What the task asks => Here, set down only the lines between the line that contains "haco! 楽して女っぽい フェイクスエードのプリーツスカート" and the final line of the material, both included, exactly as written. Skip the pictures.

Collected data =>
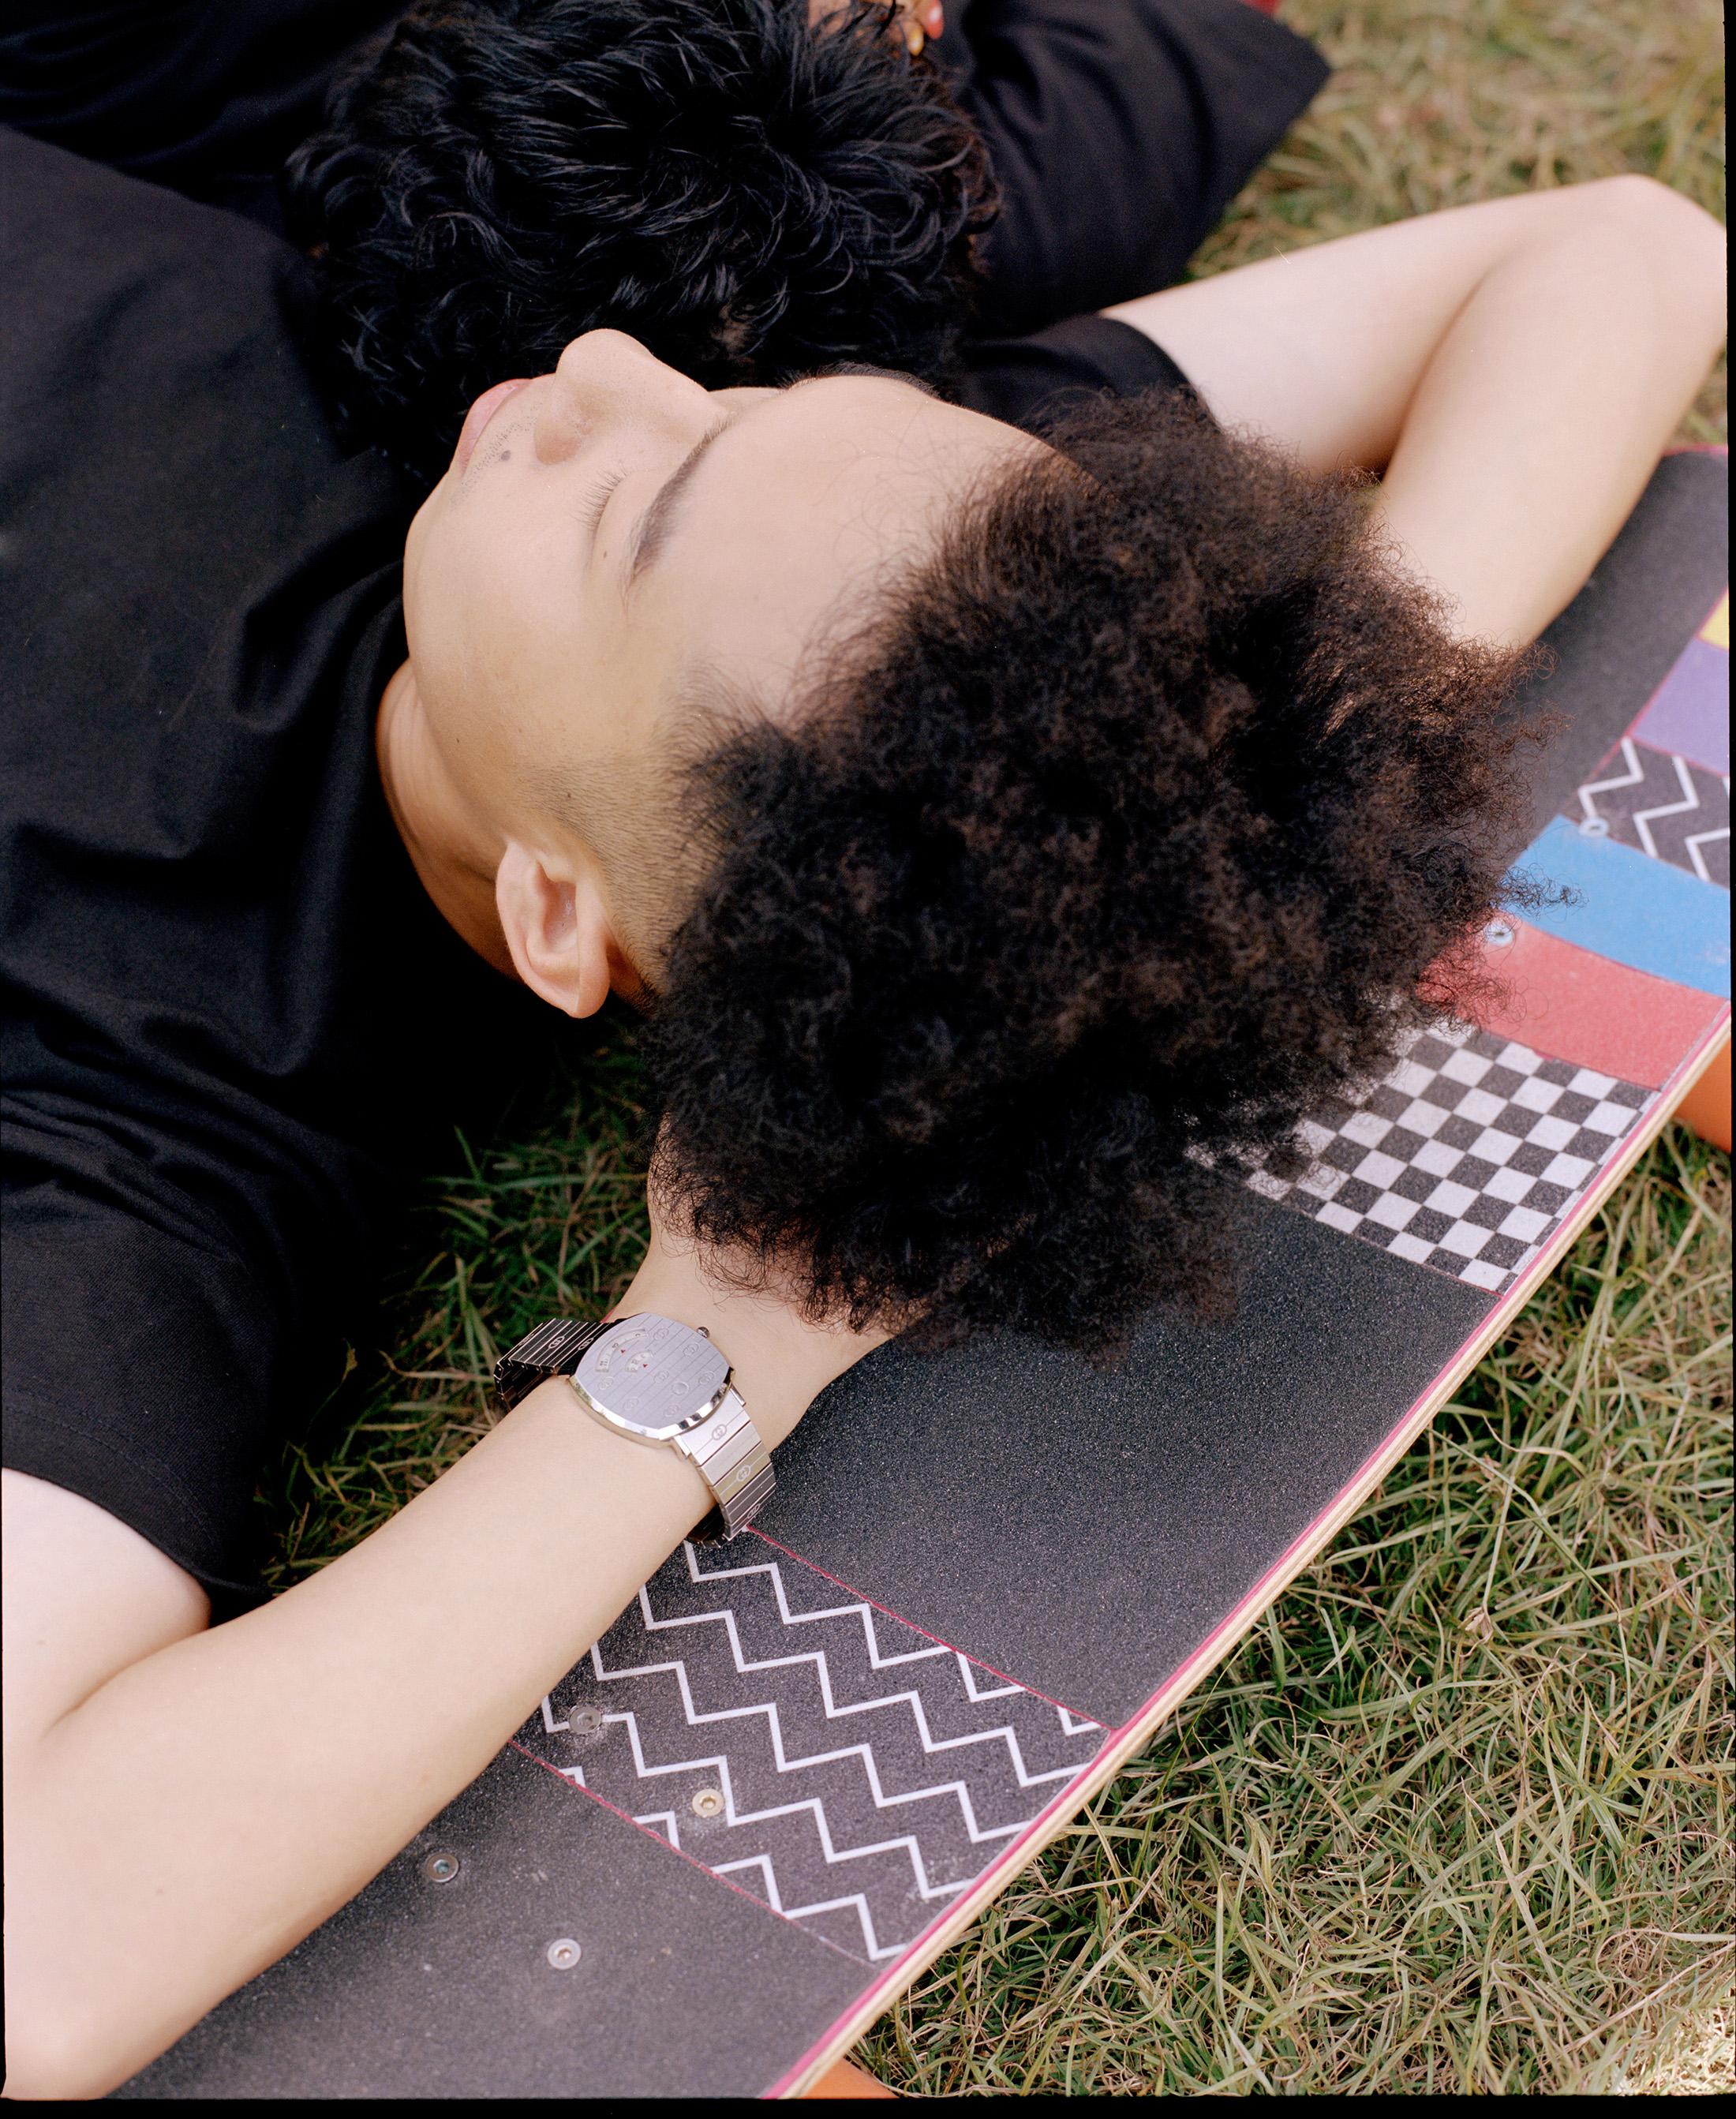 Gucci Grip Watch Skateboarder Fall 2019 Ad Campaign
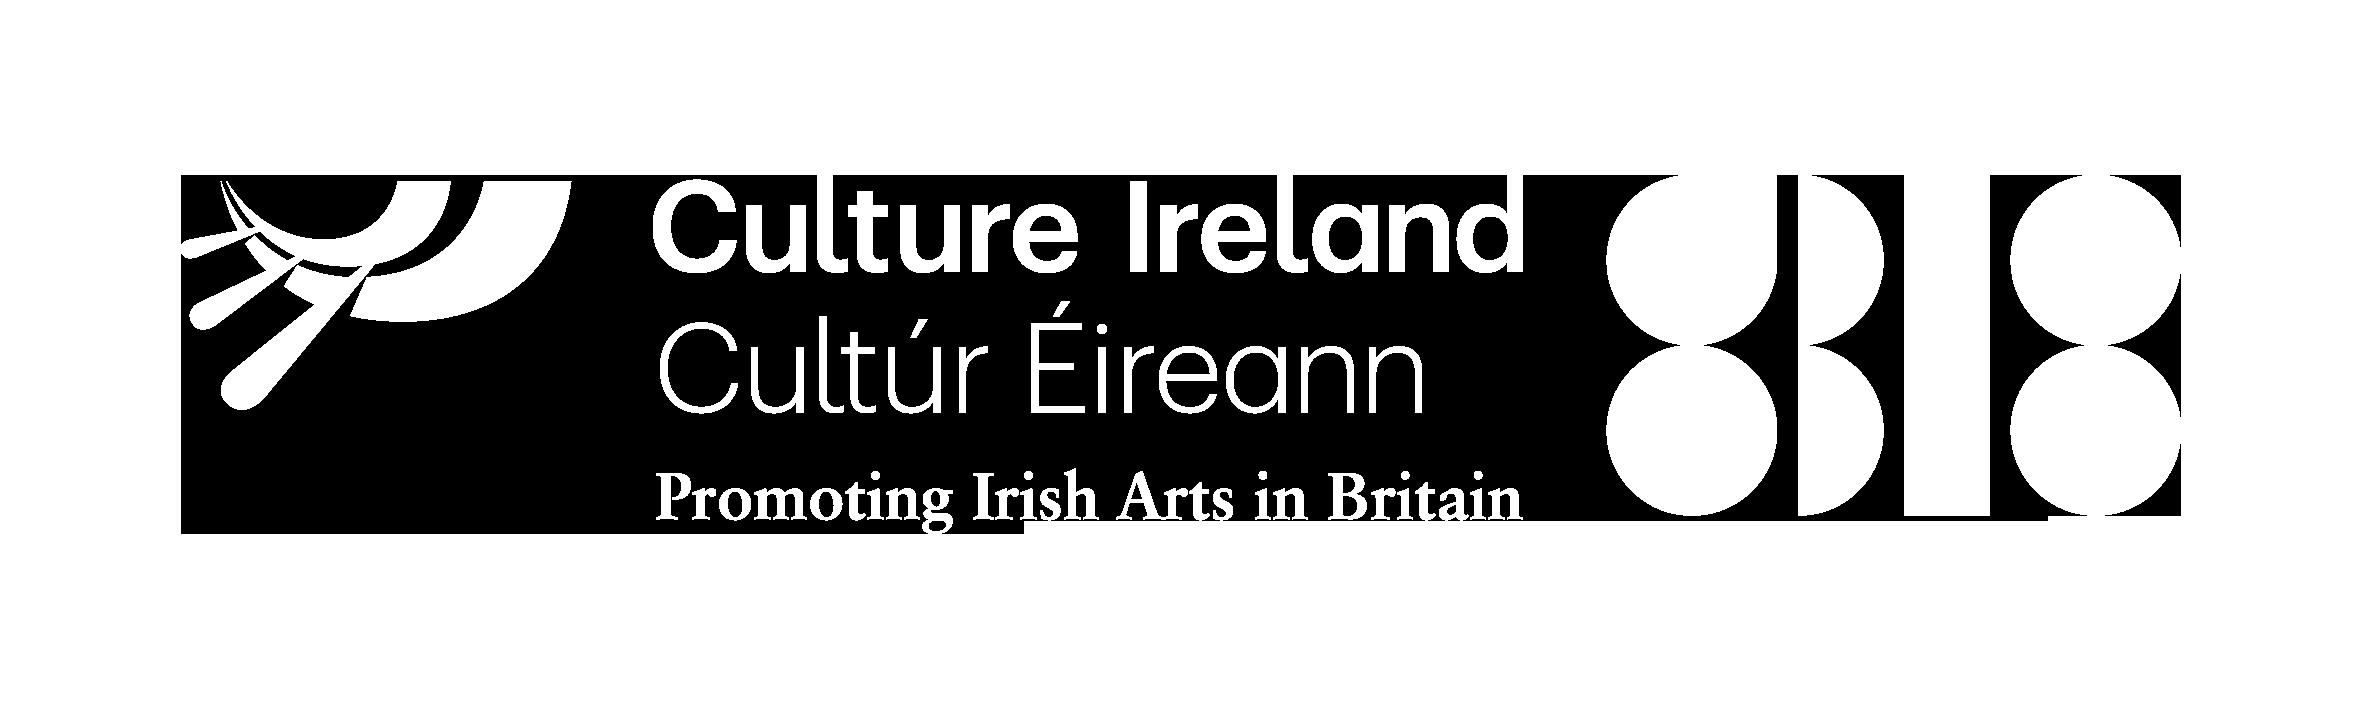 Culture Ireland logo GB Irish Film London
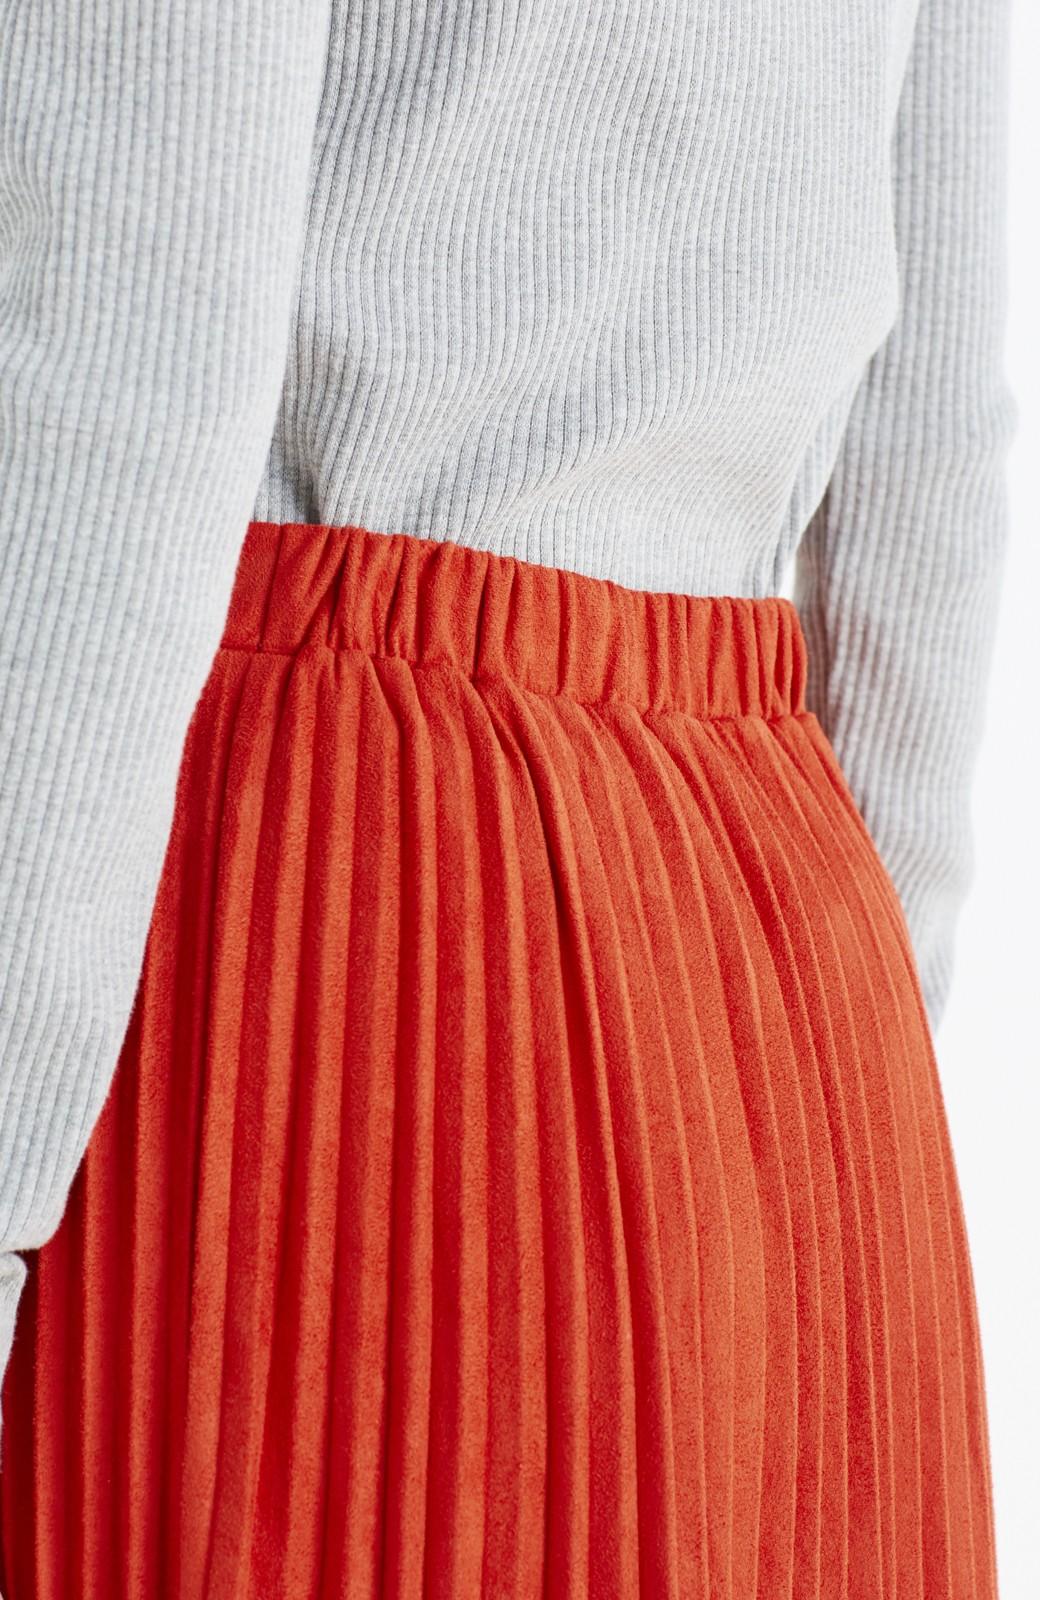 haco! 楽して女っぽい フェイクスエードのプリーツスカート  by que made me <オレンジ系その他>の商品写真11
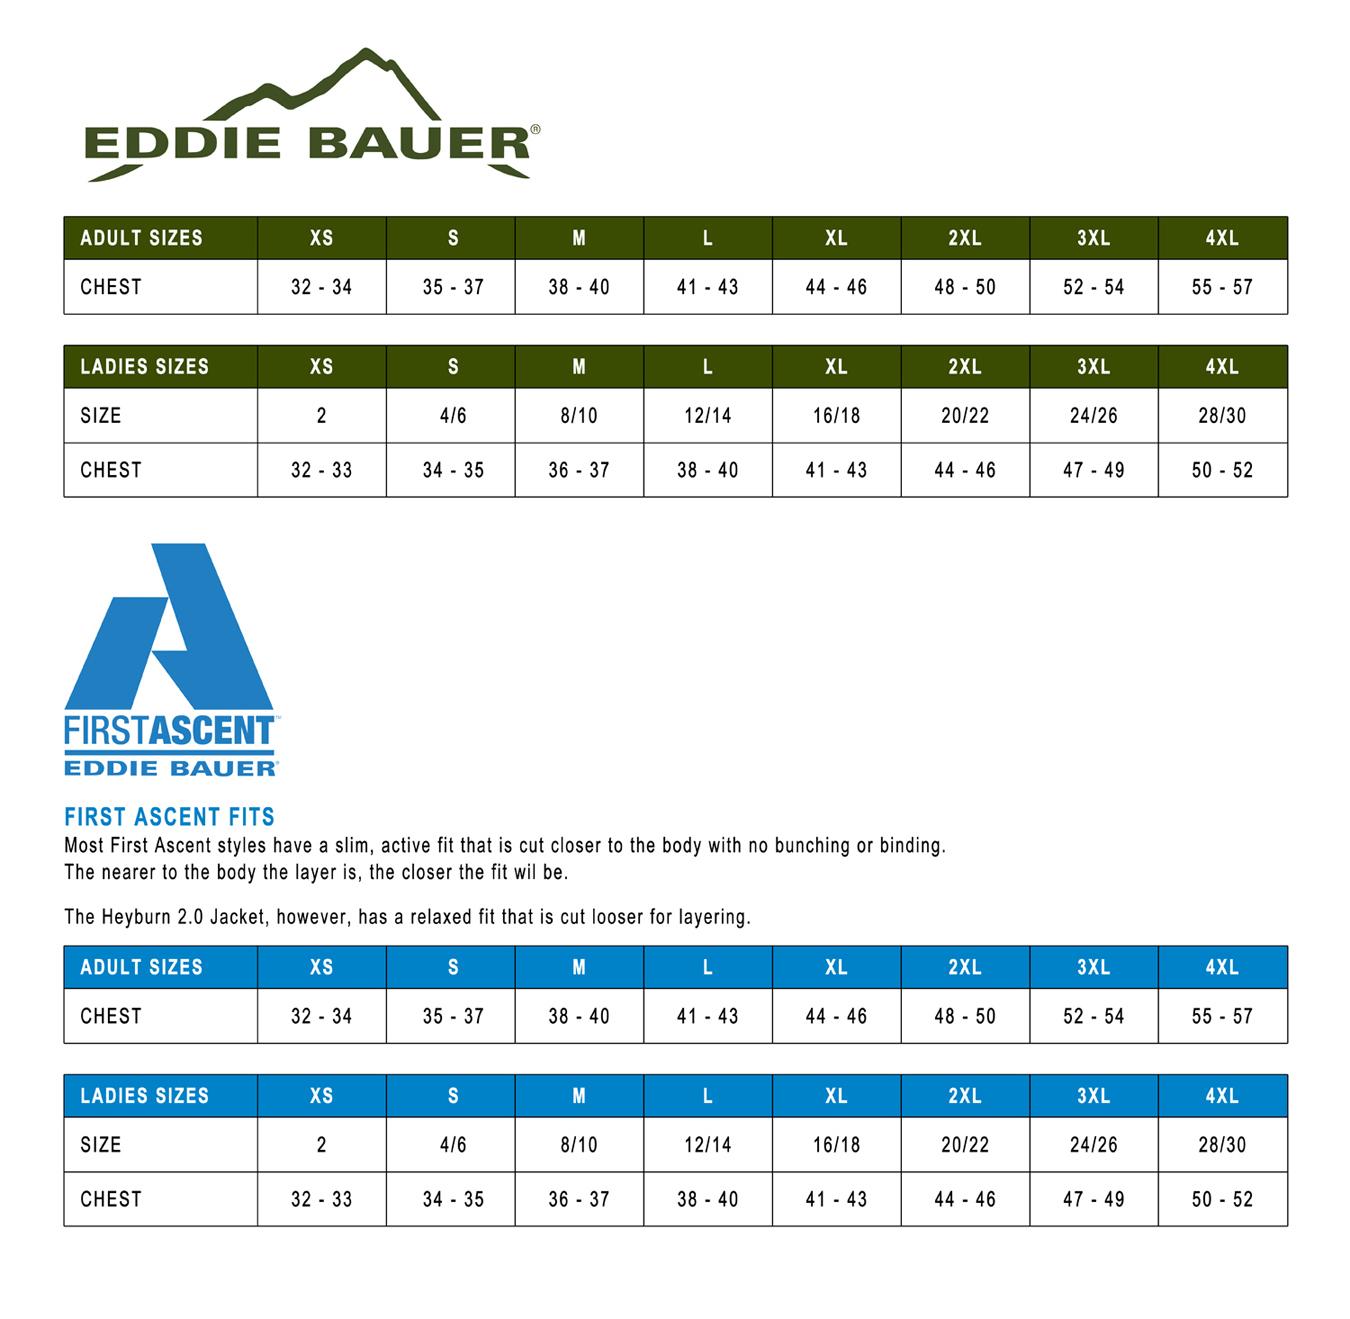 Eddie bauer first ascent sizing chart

Exercise result =>
 haco! 楽して女っぽい フェイクスエードのプリーツスカート  by que made me <オレンジ系その他>の商品写真11
 Eddie bauer first ascent sizing chart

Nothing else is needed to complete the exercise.